Fairmont Royal York Hotel

100 Front Street West, Floor H

Toronto, ON, M5J 1E3

Full Text
THE IDES OF MARCH
AN ADDRESS BY GEORGE A. DREW, K.C., M.P.P.
Chairman: The President, Mr. J. P. Pratt, K.C.
Thursday, March 16, 1939.

THE PRESIDENT: Gentlemen of The Empire Club of Canada, this is going to be an easy task, for I can quickly dispense with the usual words of introduction. I am particularly pleased that I can do so for the reason that I do not know which of the two posts--that now occupied by our speaker, or that formerly held by him as president of The Empire Club-would take precedence. However, I have been asked by Col. Drew to say that he has changed the title of his address, not because he has changed his views, but because he wants to discuss it from a broader angle. He also asks me to assure you that the words he uses in discussing his subject will not give rise to any political discussion. Gentlemen I have great pleasure in calling upon Lieut.-Col. Geo. A. Drew, K.C., M.P.P., former president of this club, and leader of His Majesty's Loyal Opposition in Ontario, to address us. His subject is "The Ides of March."
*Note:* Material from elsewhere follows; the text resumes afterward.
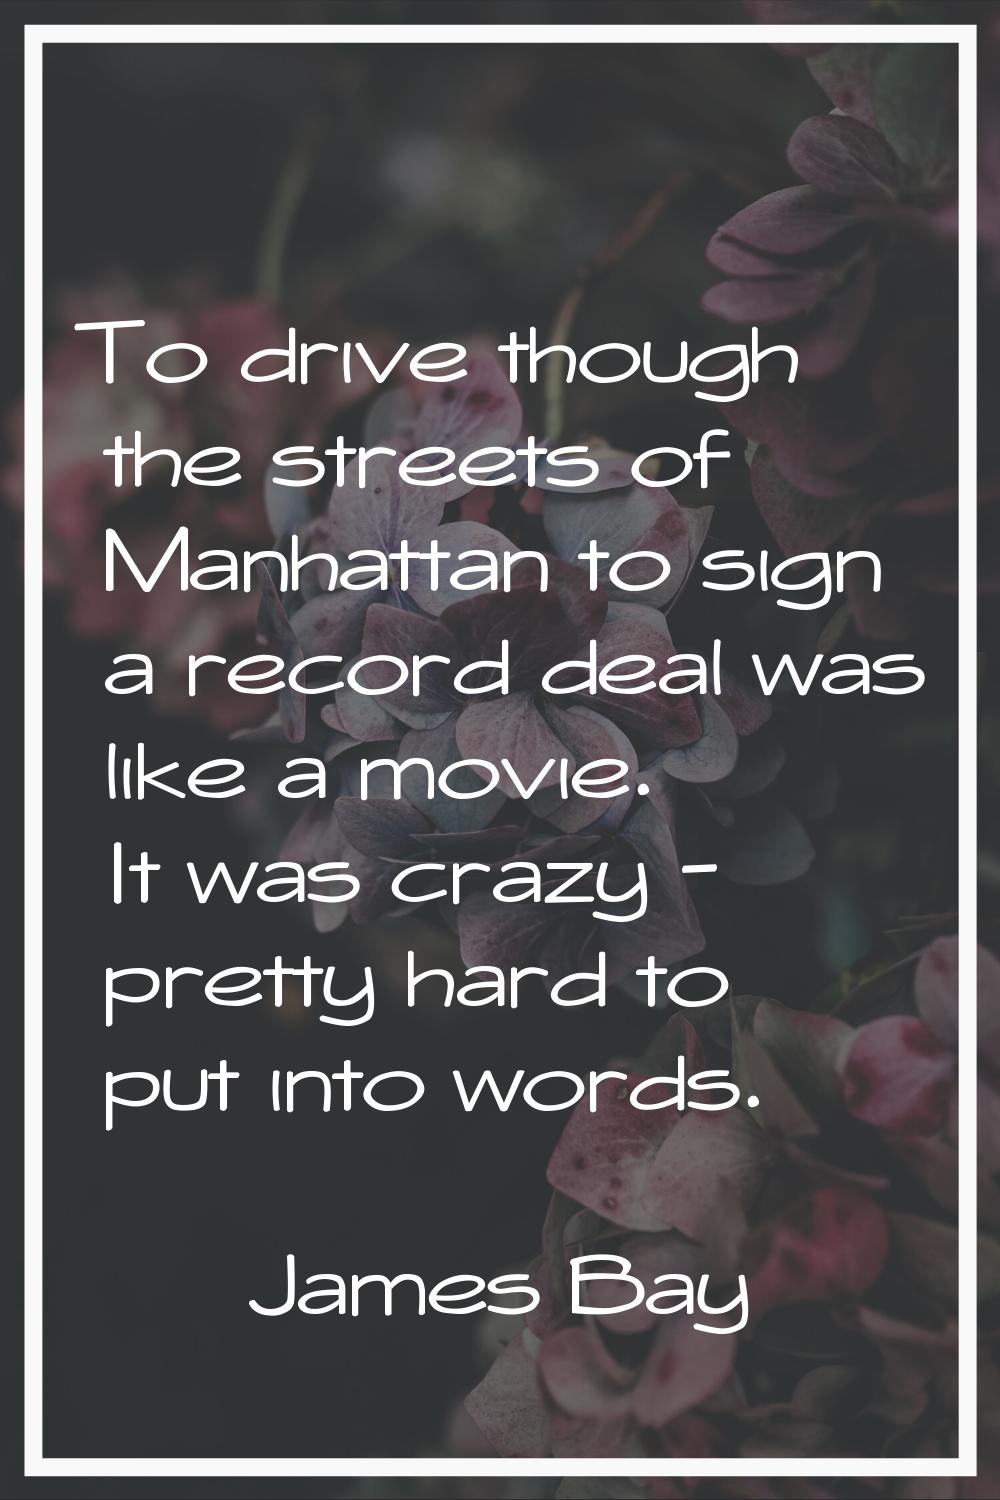 To drive though the streets of Manhattan to sign a record deal was like a movie. It was crazy - pre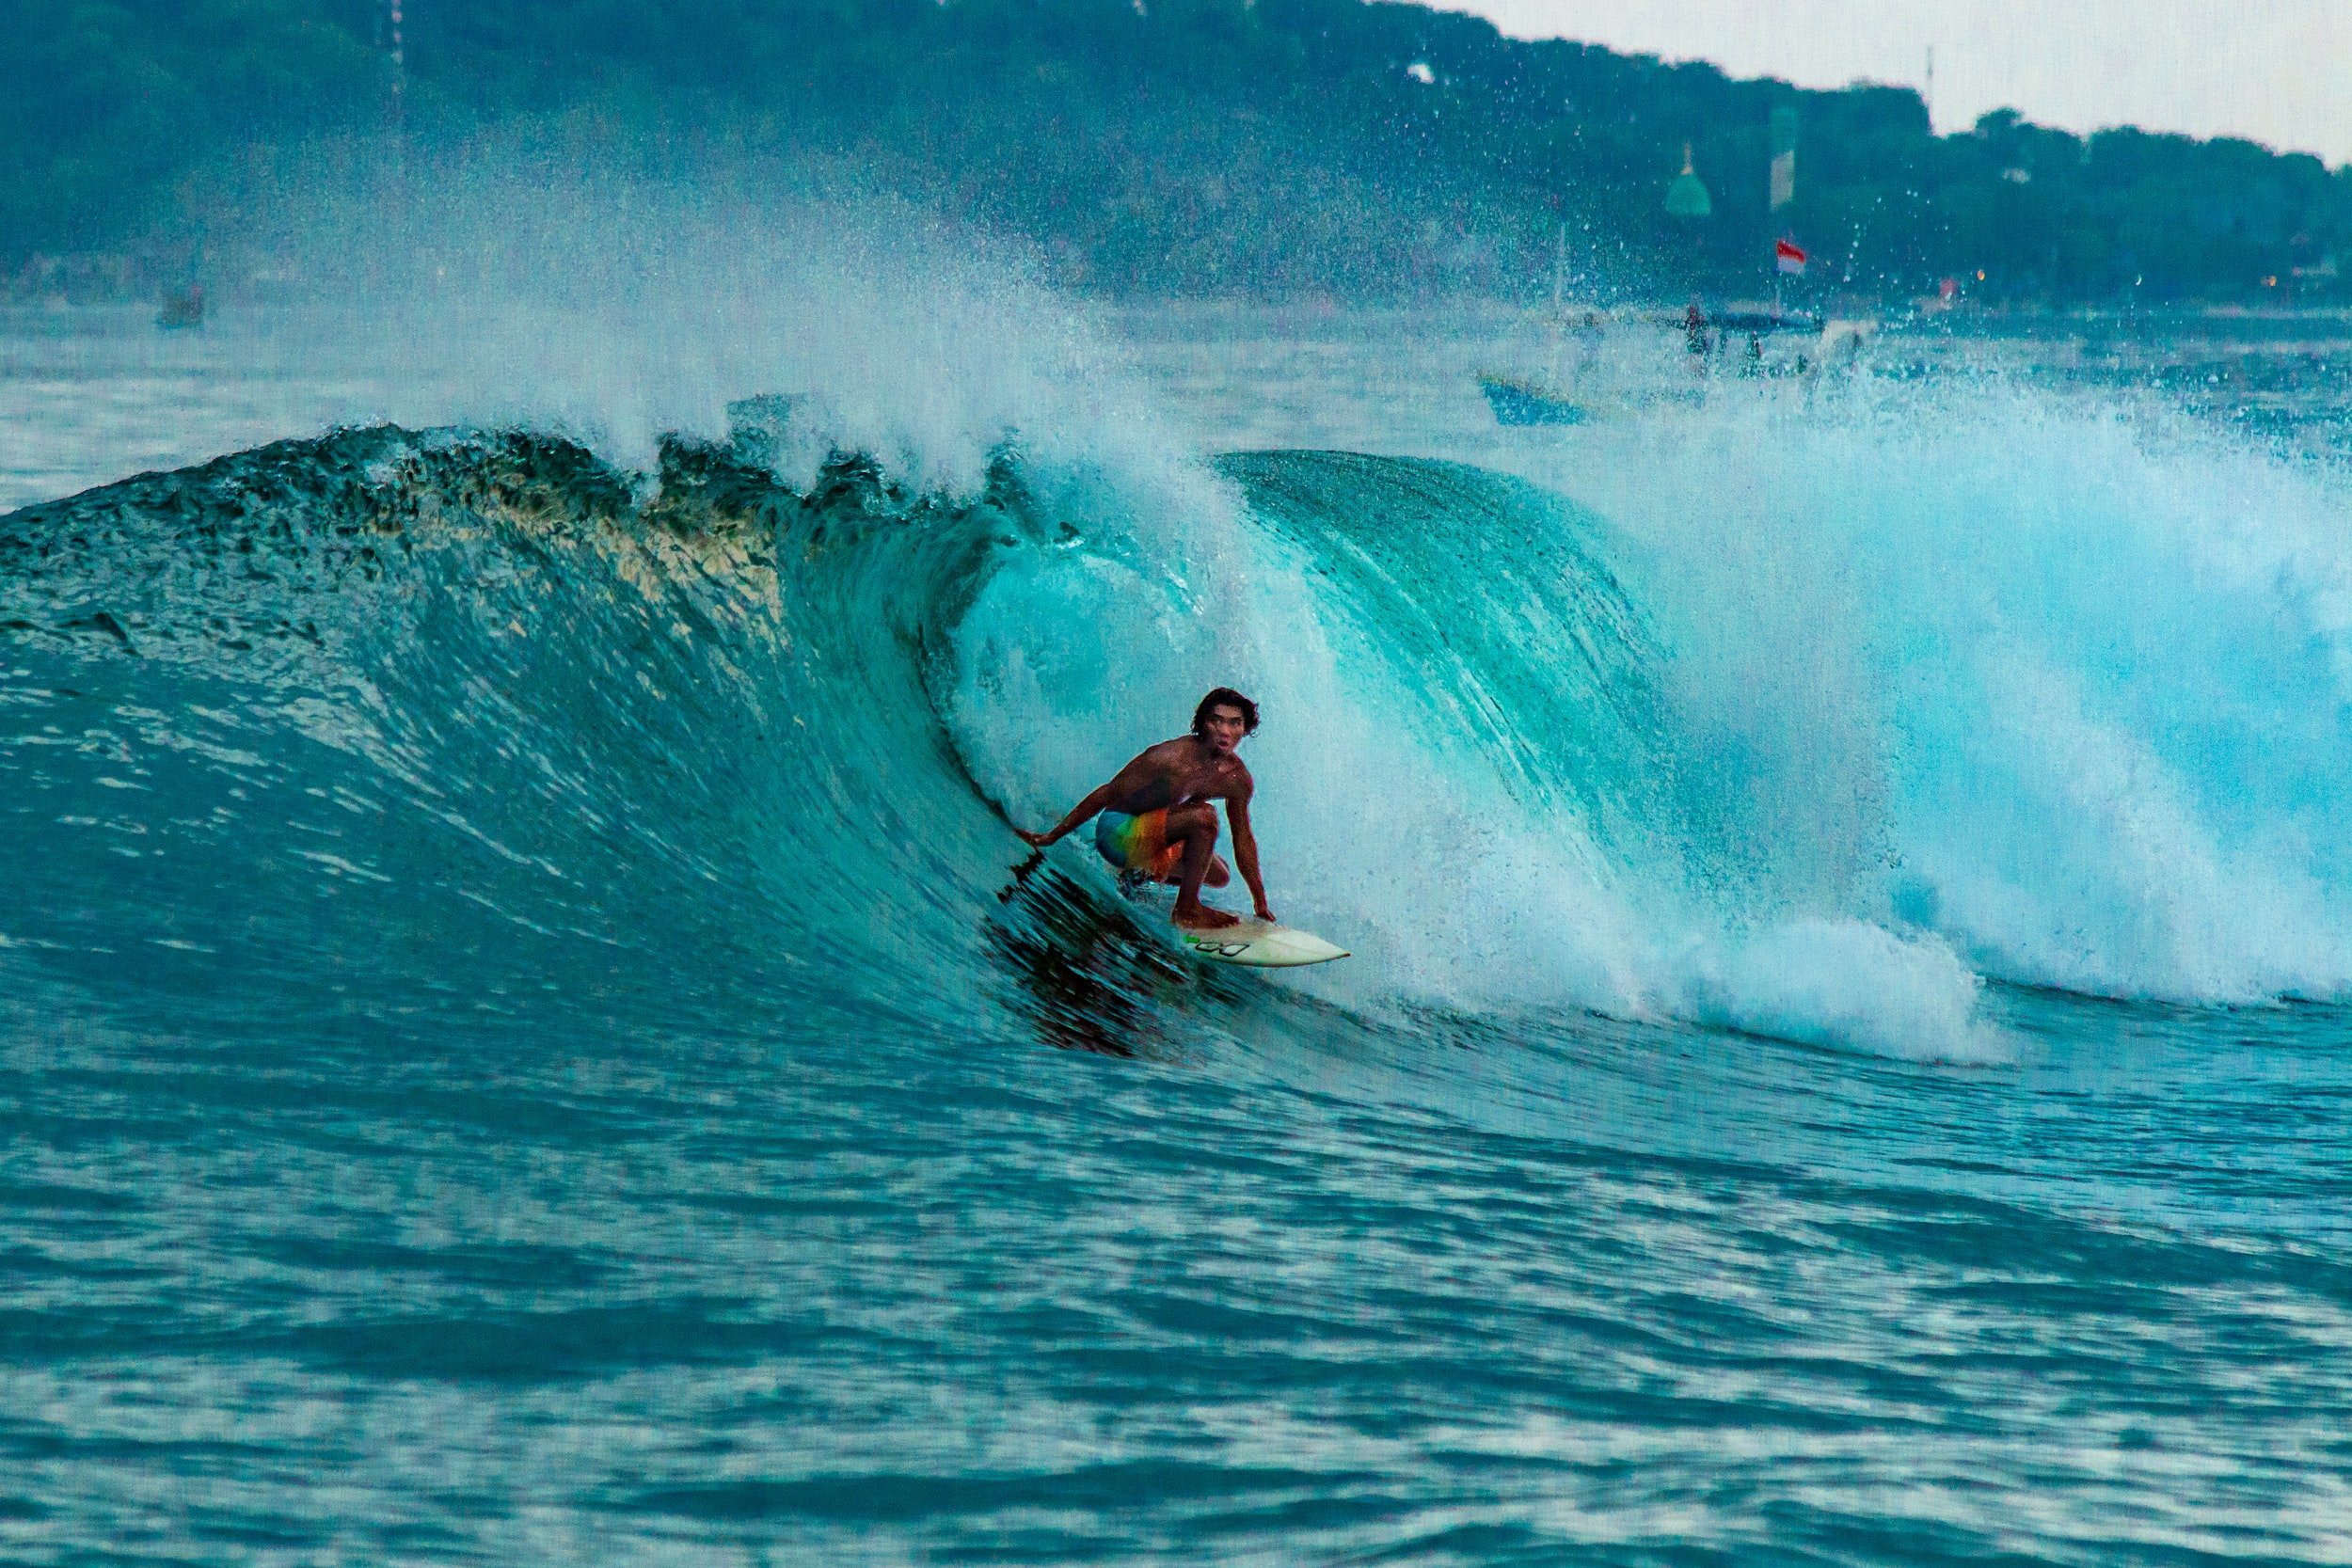 May is the best month to visit Bali for surfing

LIEUT.-COL. GEO. A. DREW: Mr. Chairman and members of The Empire Club, I do appreciate the honor you have done me very sincerely, and the friendship you have shown by the reception you have just given me.

I do not propose to make any attempt to entertain you. I do not propose to try to amuse you, or to make you laugh, for the occurrences of the last thirty-six hours of which I am going to speak must be closer to tears than laughter everywhere in the world. I do not propose to make any pretence at humour, because, although it is the custom of the British to smile in the face of tragedy, the thoughts of every one of us should not only be directed toward the tragedy that is taking place, but toward the future and all that it implies for us.

The title I chose when I was asked to be your guest is indicative of the sudden change that has taken place in a comparatively few days. When I chose the title, "Britain Wins the Second Round," it was perhaps rather like leaving a game with 20 seconds to go, and then finding you had missed the final result. I based my second choice of title on an article by an extremely able commentator on foreign affairs. It is very hard to realize that the article appeared only last week, for it starts with these words: "There will be no Ides of March."

For some months past students of the European situation have been looking forward to the month of March in the fear that during this month some new move would be undertaken by the Axis Powers that would again threaten the peace of Europe as it was threatened a year ago. He would be rash who would venture to prophesy for this month or the months to come for we have seen that the situation can change over night.

The commentator I have quoted wrote that there would be no Ides of March. Gentlemen, these are the Ides of March, and Hitler has marched into the Czech part of Czecho-Slovakia on the anniversary of his march into Austria a year ago. There is about this date, however, something that may offer hope.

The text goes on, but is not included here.